Exercise: Why care about performance?
maybe true-false statements as warmup exercise? E.g. something like
- Better performance allows for more research
- Application performance matters less on new computer hardware
- Computations directory correlate to energy consumption
- Good performance does not matter on my own hardware
- True, shorter turn around times, more results per time, more nobel prices per second!
- False, new hardware might make performance issues less pressing, but it is still important (opportunity costs, wasted energy, shared resources)
- True, device-hours consume energy (variable depending on utilized features, amount of communication, etc.), but there is a direct correlation to W
- False, performance is especially important on shared systems, but energy and opportunity costs also affect researchers on their own hardware and exclusive allocations.
Discussion: How important is performance?
- Did you change your opinion about the importance of good performance?

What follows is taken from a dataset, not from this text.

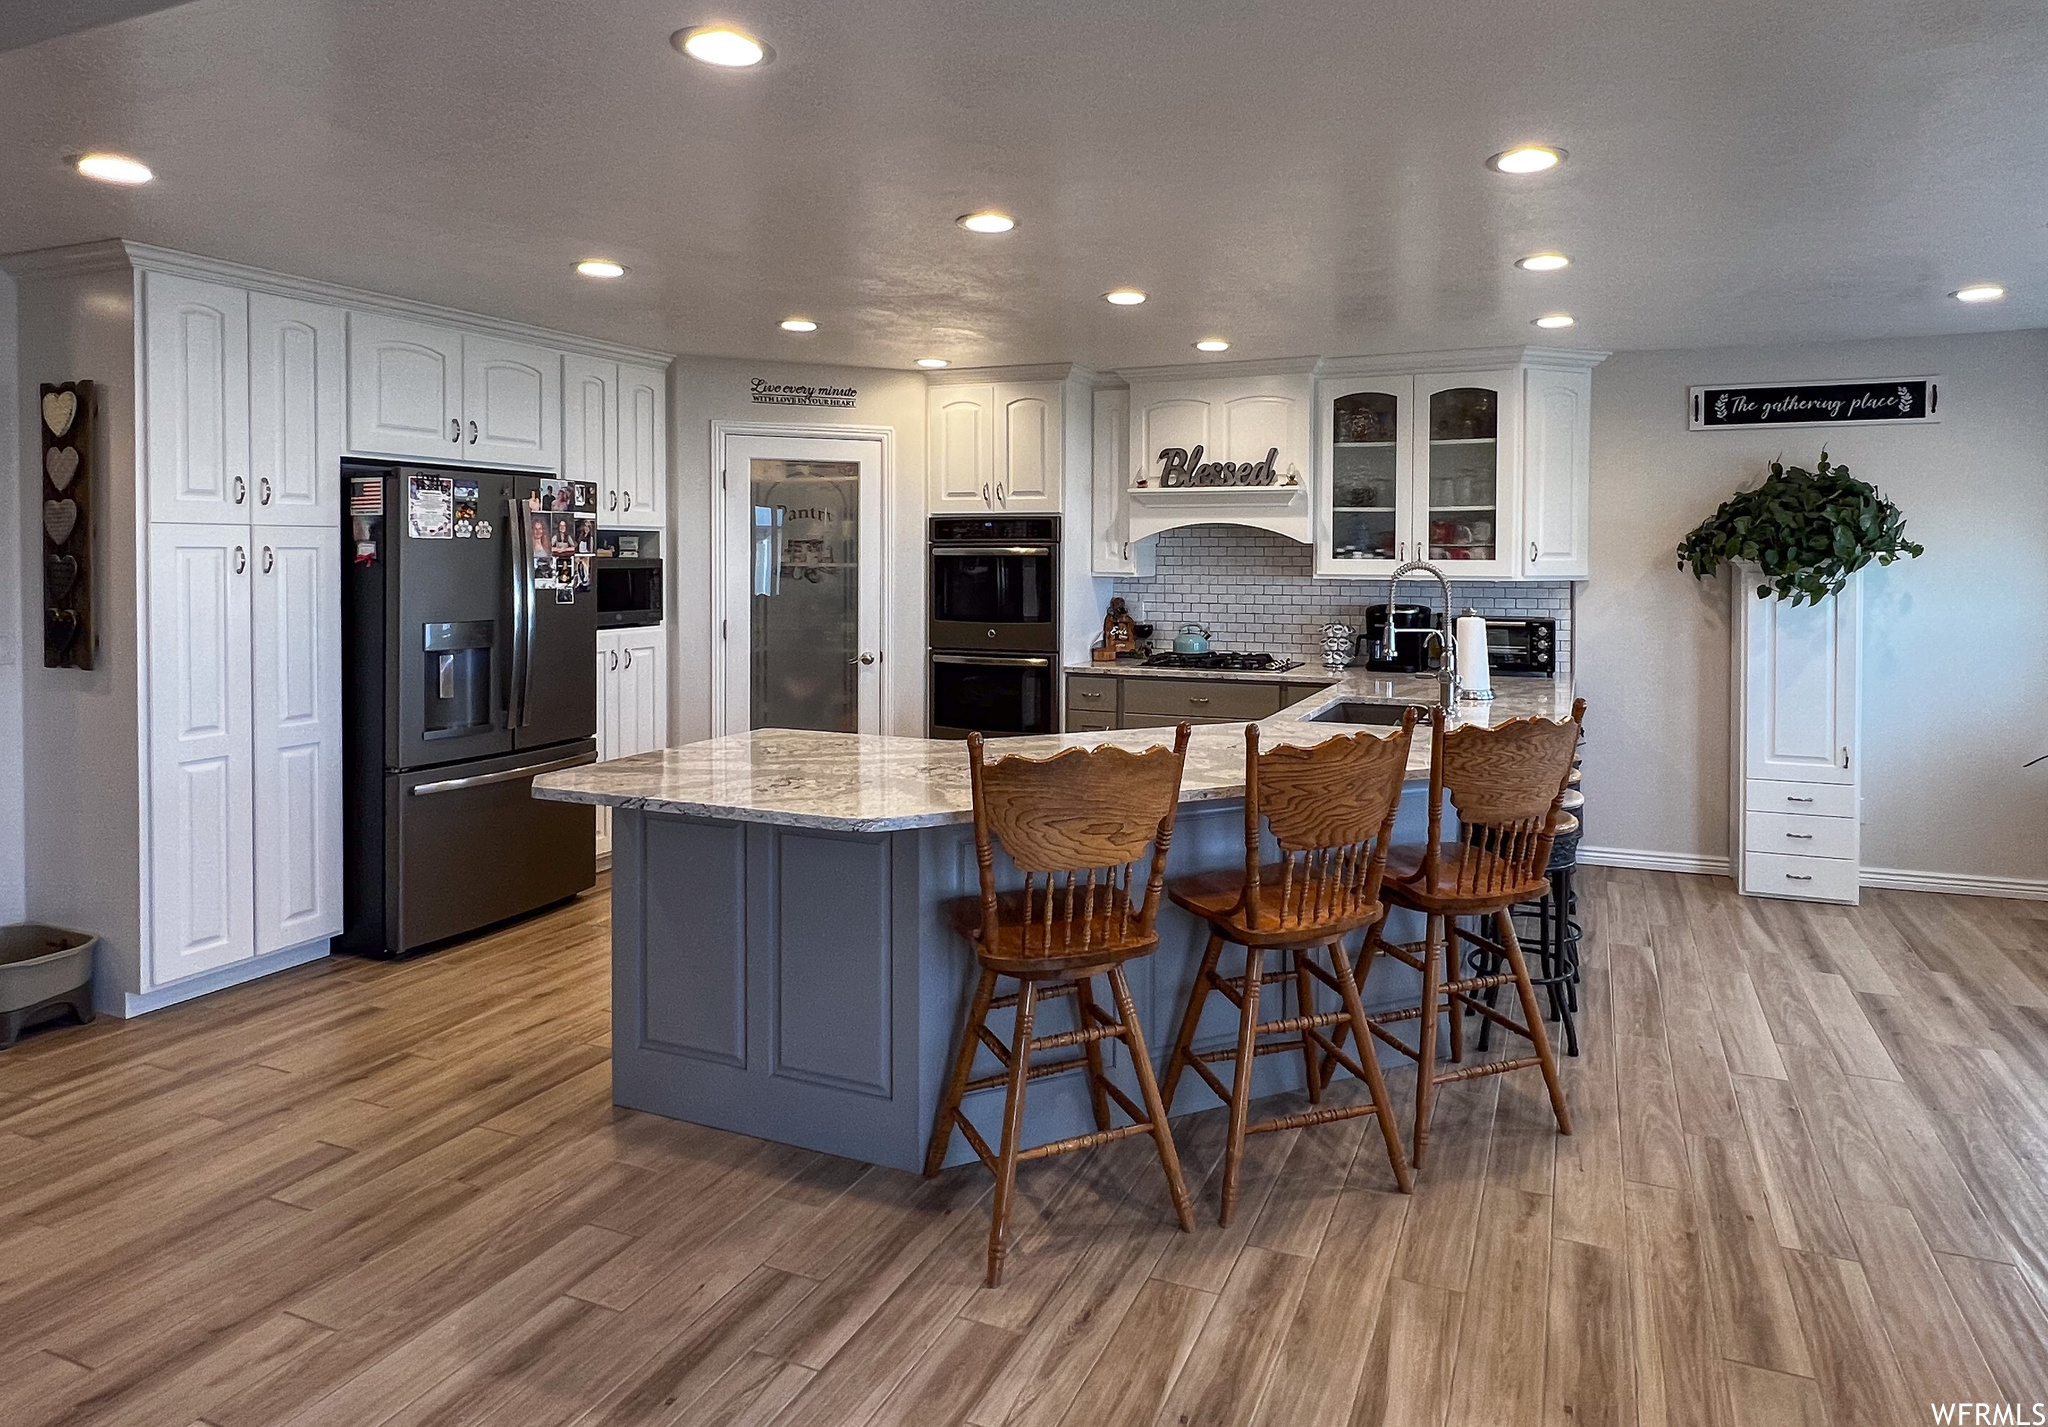 Kitchen with a breakfast bar, refrigerator, double oven, light colored flooring, light stone countertops, and white cabinets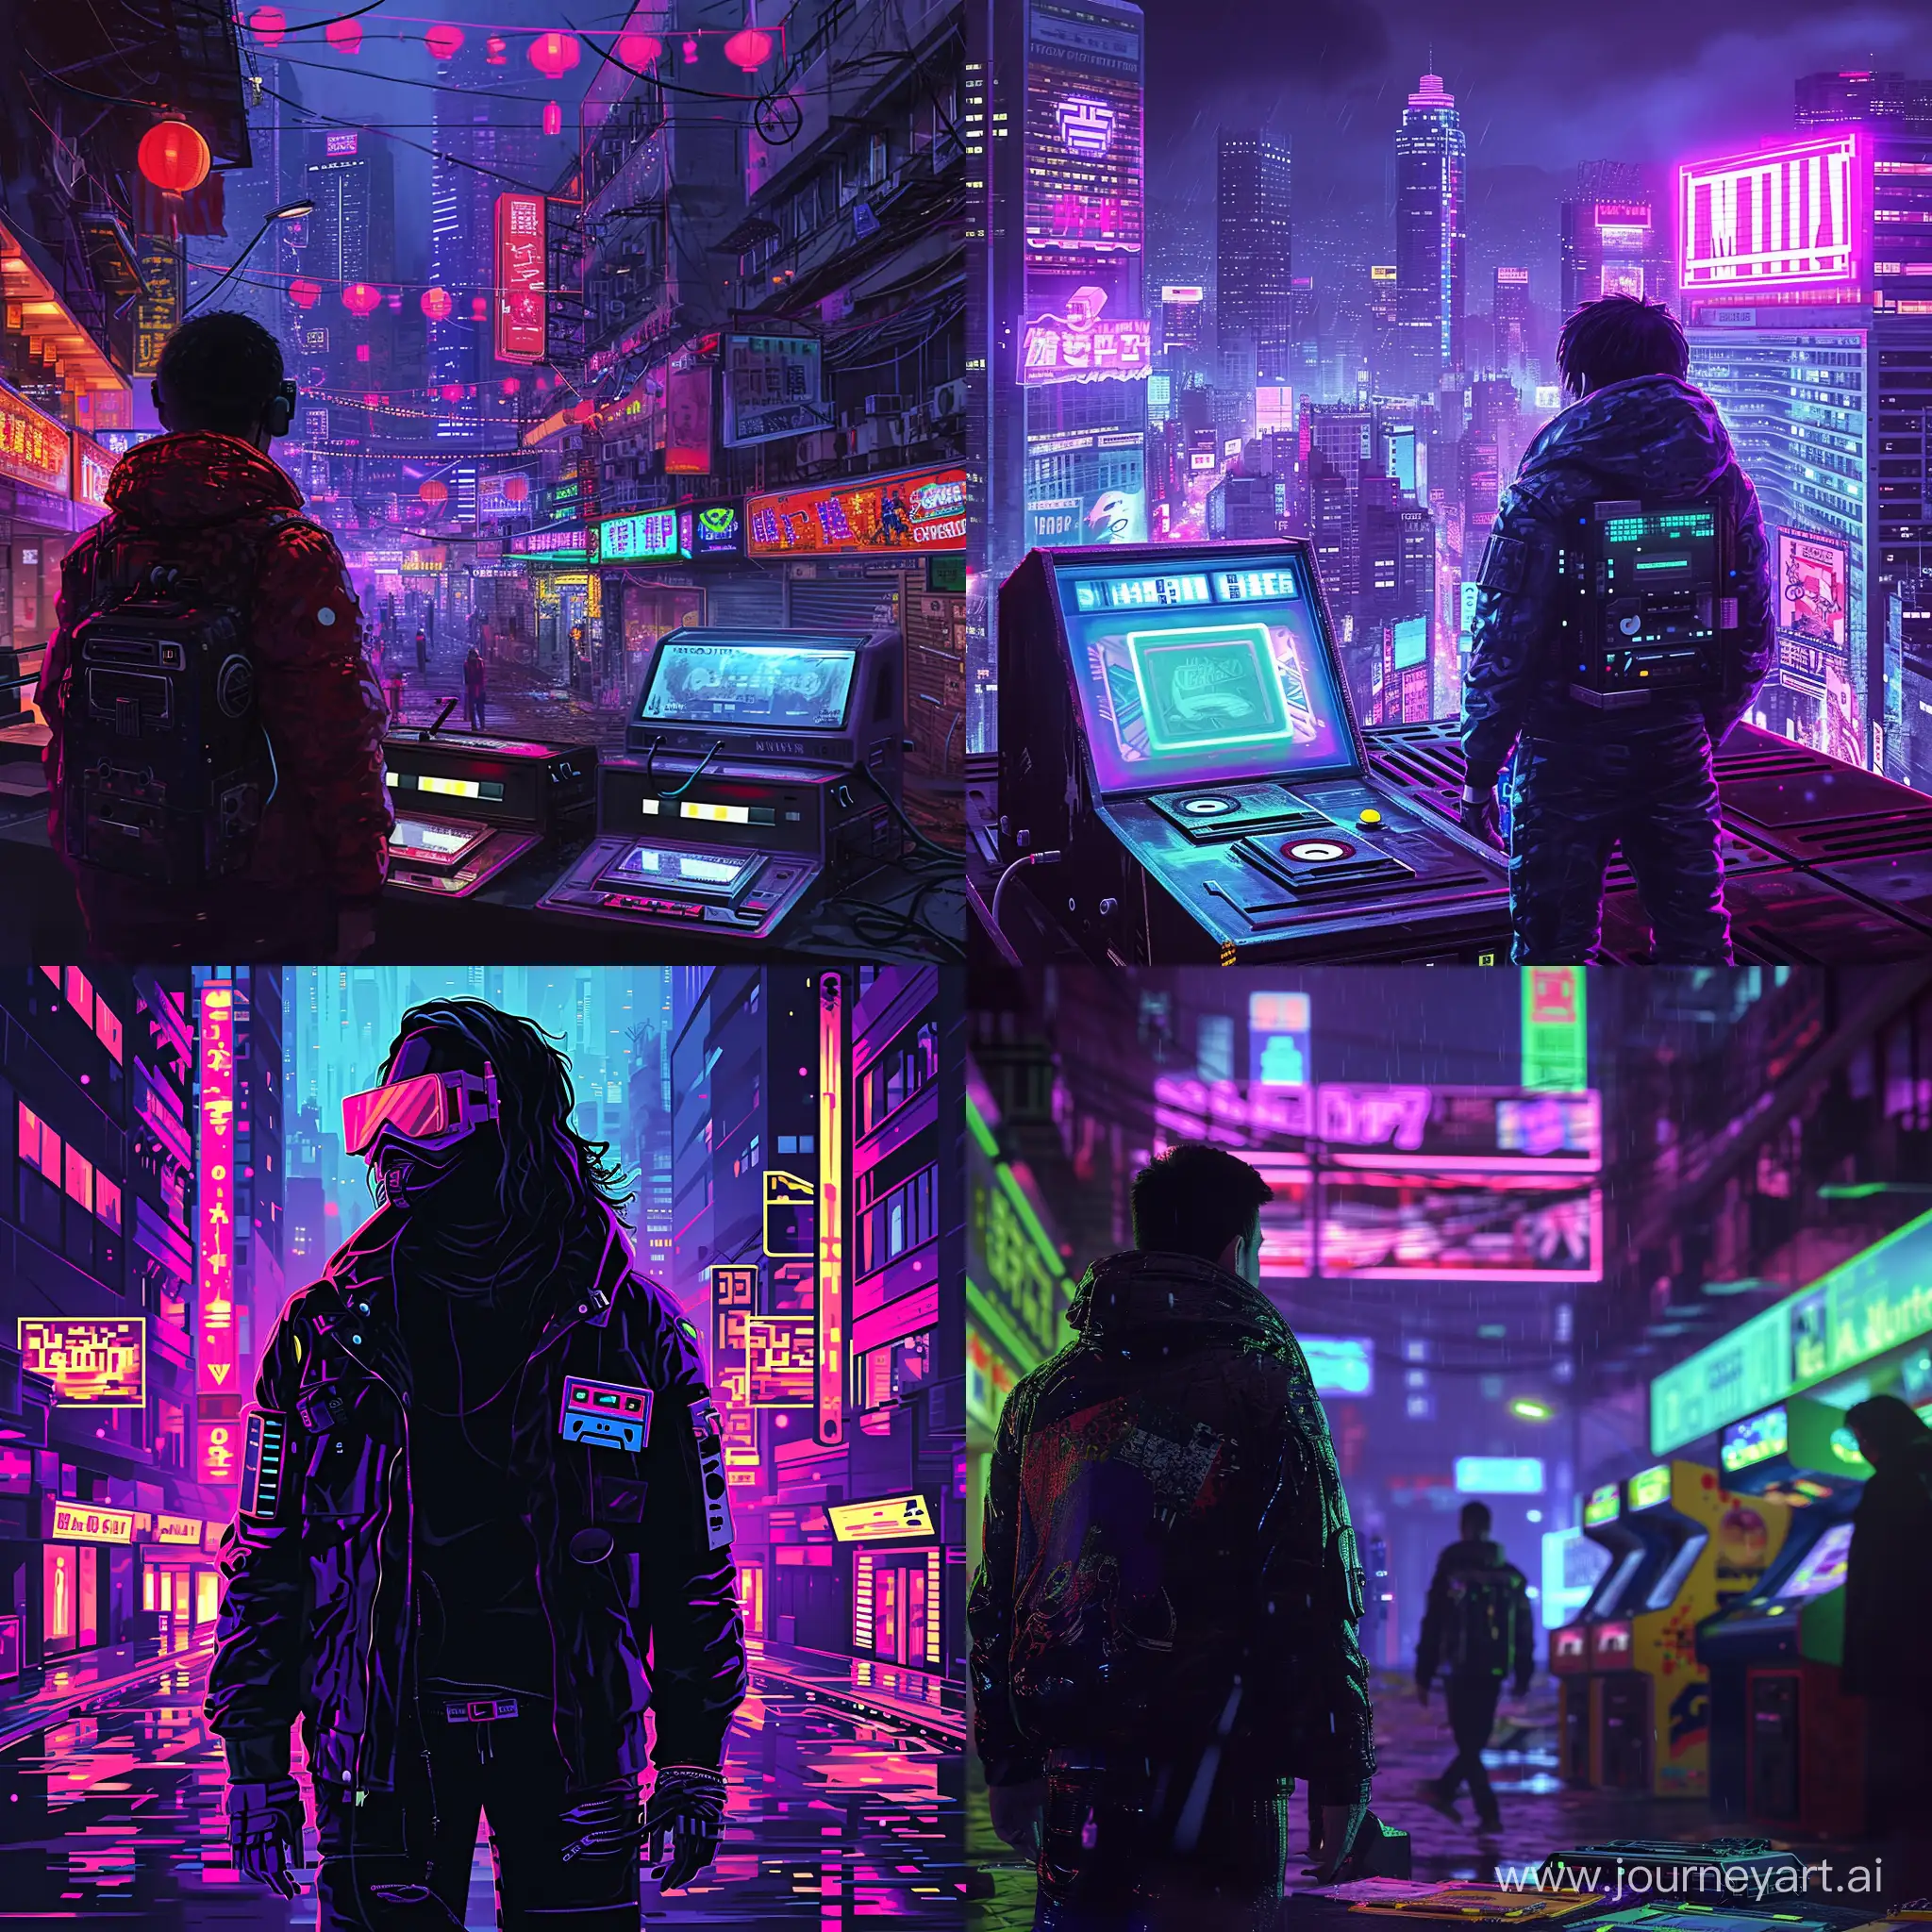 Renegade-Hacker-in-Neon-Cyberpunk-City-with-Sentient-AI-and-Time-Travel-Conspiracy

- How much time do you want to/can you spend on assessing your jobs performance?
What is Efficient?
Challenge: Many perspectives on Efficiency
Write down your current definition or understanding of efficiency with respect to HPC jobs. (Shared document?)
(Exercise as think, pair, share?)
E.g. shortest time from submission to job completion.
Many definitions of efficiency (see below)
Discussion: Which definition should we take?
Are these perspectives equally useful? Is one particularly suited to our discussion?
Many definitions of efficiency (to be ordered and discussed):
- Minimal wall-/human-time of the job
- Minimal compute-time
- Minimal time-to-solution (like 1, including queue wait times, potentially multiple jobs for combined results)
- Minimal cost in terms of energy/someones money
- With regards to opportunity costs. Amount of research per job (including waiting times, computation time, slowdown through larger iteration cycles (turn around times))
Assuming only “useful” computations, no redundancies.
Which definition do refer to by default in the following episodes? (Do we need a default?)
How Does Performance Relate to Hardware?
(Following this structure throughout the course, trying to understand the performance in these terms)
Broad dimensions of performance:
- CPU (Front- and Backend, FLOPS)
- Frontend: decoding instructions, branch prediction, pipeline
- Backend: getting data from memory, cache hierarchy & alignment
- Raw calculations
- Vectorization
- Out-of-order execution
- Accelerators (e.g. GPUs)
- More calculations
- Offloading
- Memory & communication models
- Memory (data hierarchy)
- Working memory, reading data from/to disk
- Bandwidth of data
- I/O (broader data hierarchy: disk, network)
- Stored data
- Local disk (caching)
- Parallel fs (cluster-wide)
- MPI-Communiction
- Parallel timeline (synchronization, etc.)
- Application logic
Exercise: Match application behavior to hardware
Which part of the computer hardware may become an issue for the following application patterns:
- Calculating matrix multiplications
- Reading data from processes on other computers
- Calling many different functions from many equally likely if/else branches
- Writing very large files (TB)
- Comparing many different strings if they match
- Constructing a large simulation model
- Reading thousands of small files for each iteration
Maybe not the best questions, also missing something for accelerators.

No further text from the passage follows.